Imprinted on a knobby rock about as big as an orange were the folds, furrows and even blood vessels of a brain. It fit perfectly inside another rock that had a bit of jaw peeking out.
The groom pressed Dart to get back on track. “My god, Ray,” he said. “You’ve got to finish dressing immediately — or I’ll have to find another best man.”
As soon as the festivities ended, Dart, 31 years old at the time, started removing the jaw from its limestone casing, chipping away with knitting needles. A few weeks later, he had liberated not just a jaw but a partial skull preserving the face of a child.
On February 7, 1925, in the journal Nature, Dart introduced the Taung Child to the world. He described the fossil as an ape like no other, one with some distinctly humanlike features, including a relatively flat face and fairly small canine teeth. The foramen magnum, the hole through which the spinal cord exits the head, was positioned directly under the skull, implying the child had an erect posture and walked on two legs.
Dart concluded that the Taung Child belonged to “an extinct race of apes intermediate between living anthropoids and man.” His italicized text emphasized his judgment: The fossil was a so-called missing link between other primates and humans. He named it Australopithecus africanus, or southern ape of Africa.
The Taung Child was the second hominin fossil discovered in Africa, and much more primitive than the first. Dart argued that the find vindicated Darwin’s belief that humans arose on that continent. “There seems to be little doubt,” Science News Letter, the predecessor of Science News, reported, “that there has been discovered on the reputed ‘dark’ continent a most important step in the evolutionary history of man.”
But Dart’s claims were mostly met with skepticism. It would take more than two decades of new fossil finds and advances in geologic dating for Dart to be vindicated — and for Africa to become the epicenter of paleoanthropology.
Against the establishment
Unlike Darwin, many evolutionists of the late 19th and early 20th centuries had theorized that the human family tree was rooted in Asia. Some argued that Asia’s gibbons were our closest living relatives. Others reasoned that tectonic activity and climate change in Central Asia sparked human evolution. One naturalist even proposed that human origins traced back to a lost continent that had sunk in the Indian Ocean, forcing our ancestors to relocate to Southeast Asia.
And that’s where the best contender for an early human ancestor had been found. In the 1890s, a crew led by Dutch physician-turned-anthropologist Eugène Dubois had uncovered a skullcap and thigh bone on the Indonesian island of Java. The thick skullcap had heavy brow ridges, but Dubois estimated it once held a brain that was about twice as big as an ape’s and approaching the size of a human’s.

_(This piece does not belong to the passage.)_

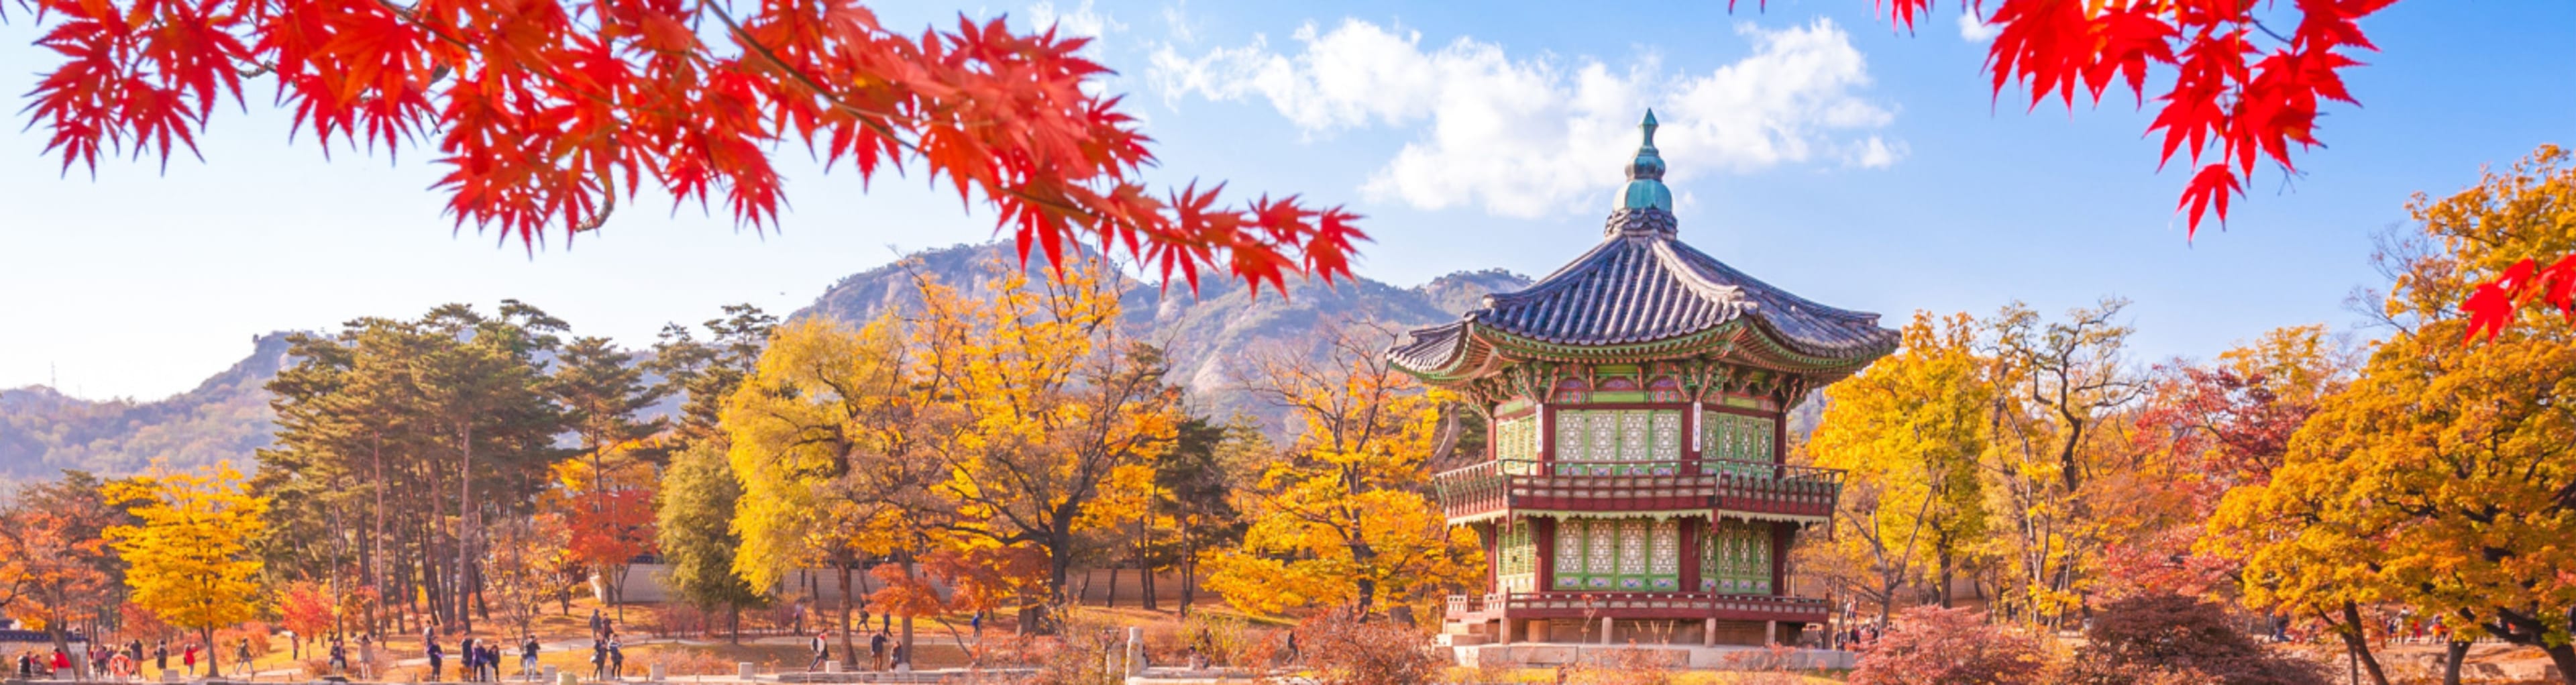 A pond with a Korean pavilion and red autumn leaves

The thigh bone indicated that this Java Man, later named Homo erectus, walked upright.
Europe had its own tantalizing fossils. Neandertals had been known since the mid-19th century, but by the early 20th century, they were generally thought to be cousins that lived too recently to shed much light on our early evolution. A more relevant discovery seemed to come in 1912, when an amateur archaeologist had recovered humanlike bones from near Piltdown, England; the site also contained fossils of extinct creatures, suggesting Piltdown Man was of great antiquity. Skull bones hinted he had a human-sized brain, but his primitive jaw had a large, apelike canine tooth.
Some experts questioned whether the skull and jaw belonged together. But British scientists embraced the discovery — and not just because it implied England had a role in human origins. Piltdown Man’s features fit with the British establishment’s view of human evolution, in which a big brain was the first trait to distinguish human ancestors from other apes.

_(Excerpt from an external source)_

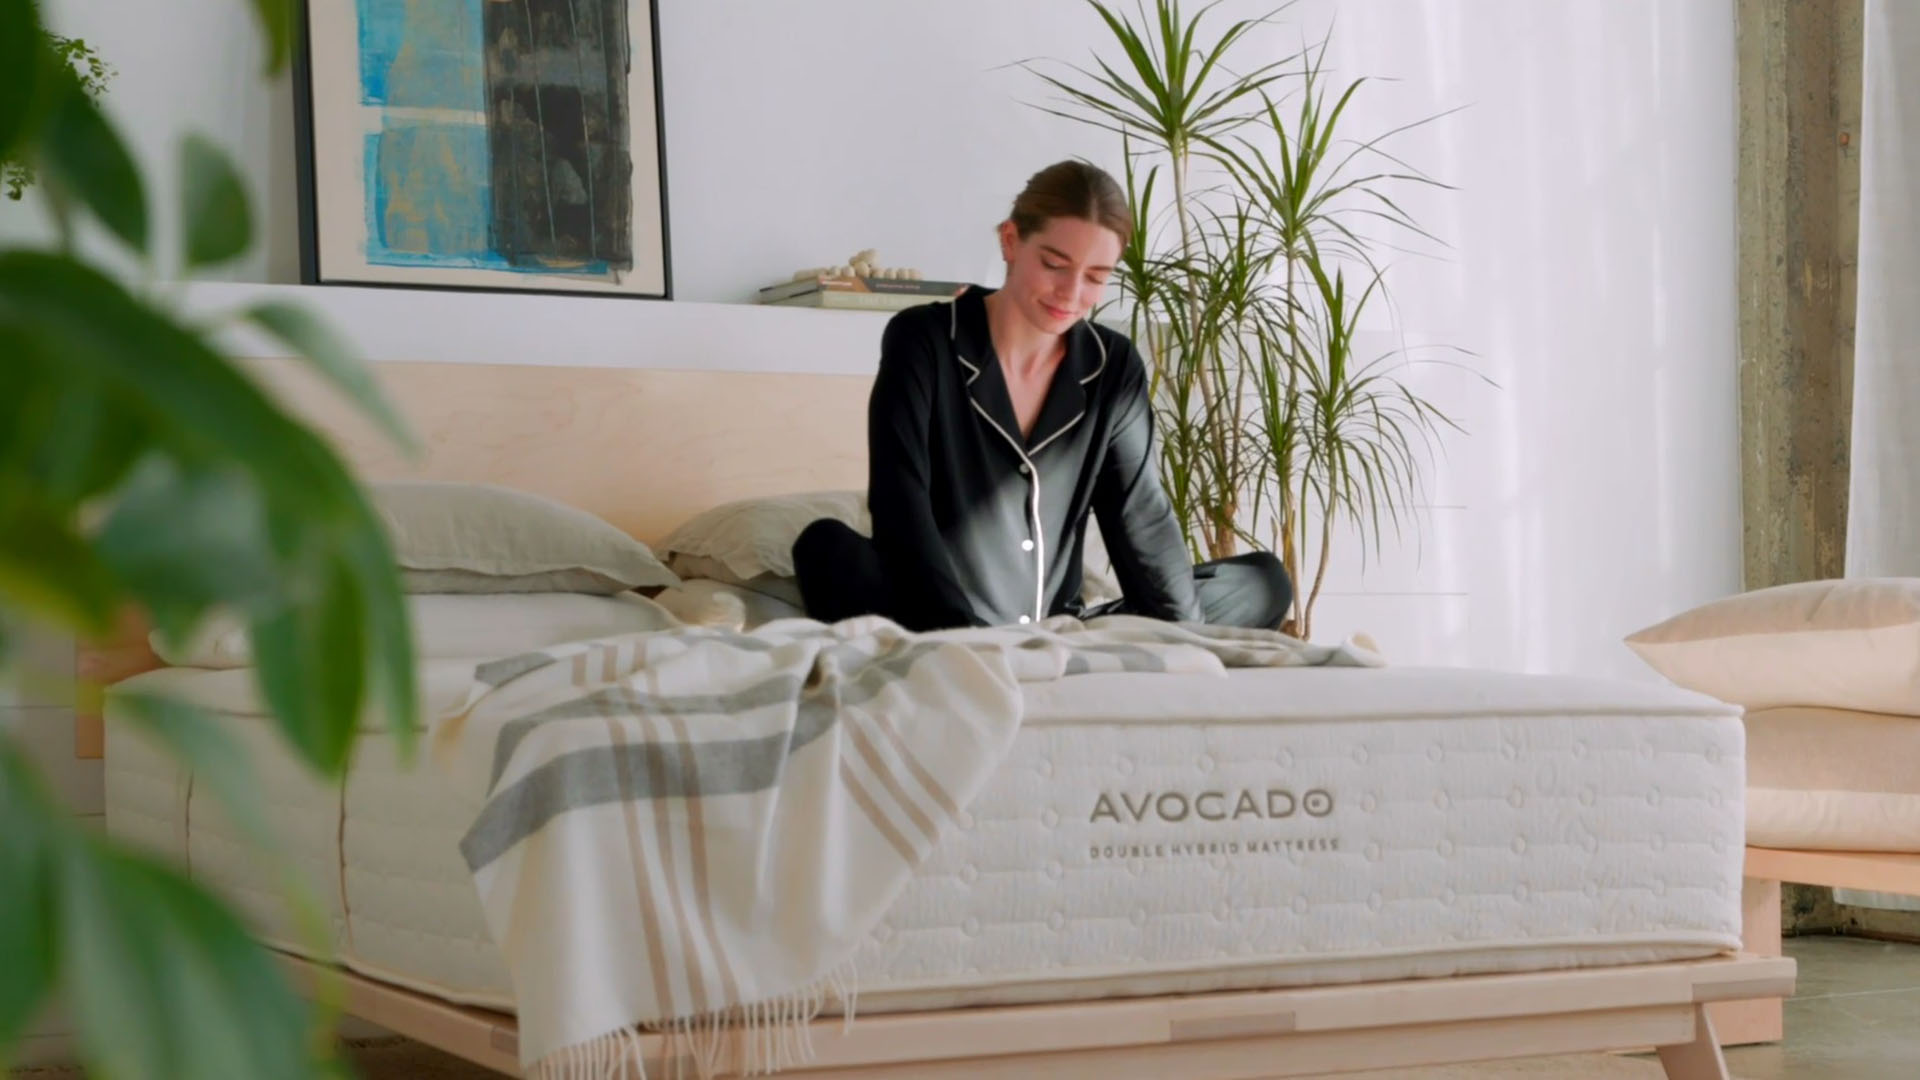 Where to buy Avocado Mattress in Brentwood, New York

So when Dart announced that he had found a small-brained bipedal ape with humanlike teeth in the southern tip of Africa, scientists were primed to be skeptical, says Paige Madison, a historian of science at the Natural History Museum of Denmark in Copenhagen. Scientists were also skeptical of Dart. While a student in London, he had earned a reputation as a “scientific heretic, given to sweeping claims,” according to a paper coauthored by a colleague.
But initial criticism focused mostly on practical concerns, says Madison, who has studied the skeptics’ reactions. “I found what they were actually saying on paper to be quite reasonable.”
A big problem: Dart’s fossil was of a 3- or 4-year-old child. Critics pointed out that a young ape tends to resemble humans in some ways, but the similarities disappear as the ape matures. Critics also complained that Dart hadn’t done proper comparative analyses with young chimps and gorillas, and he refused to send the fossil to England where such analyses could be done. This refusal irked the British old guard. “It was unpalatable to the scientists in England that the young colonial upstart had presumed to describe the skull himself,” one of Dart’s contemporaries later wrote, “instead of submitting it to his elders and betters.”
It’s hard not to wonder how the era’s colonialist and racist attitudes shaped perceptions. The Taung Child came to light at a time when eugenics was still considered legitimate science, and much of anthropology was devoted to categorizing people into races and arranging them into hierarchies. On the one hand, Western researchers tended to maintain the perverse notion that Africans are more primitive than other people, even less evolved. On the other, they wanted to believe Europe or Asia is where humans originated.
How these views influenced reactions to the Taung Child is not clear-cut. Many skeptics didn’t cite the fossil’s location as a problem, and some acknowledged humans could have evolved in Africa. But deep-seated biases may have made it easier for some researchers to reject the Taung Child and accept Piltdown Man, even though fossil evidence for that claim was also scant, says Sheela Athreya, a paleoanthropologist at Texas A&M University in College Station.
Newspapers worldwide followed the Taung Child controversy. And while fans sent Dart poems and short stories casting the child as a national hero, he also received letters from disapproving creationists.
Amid it all, Dart had convinced at least one well-known scientist. Robert Broom, a Scottish-born physician living in South Africa and an authority on reptile evolution, recognized that fossils of fully grown A. africanus individuals would be needed to confirm that the Taung Child’s humanlike qualities were retained in adulthood.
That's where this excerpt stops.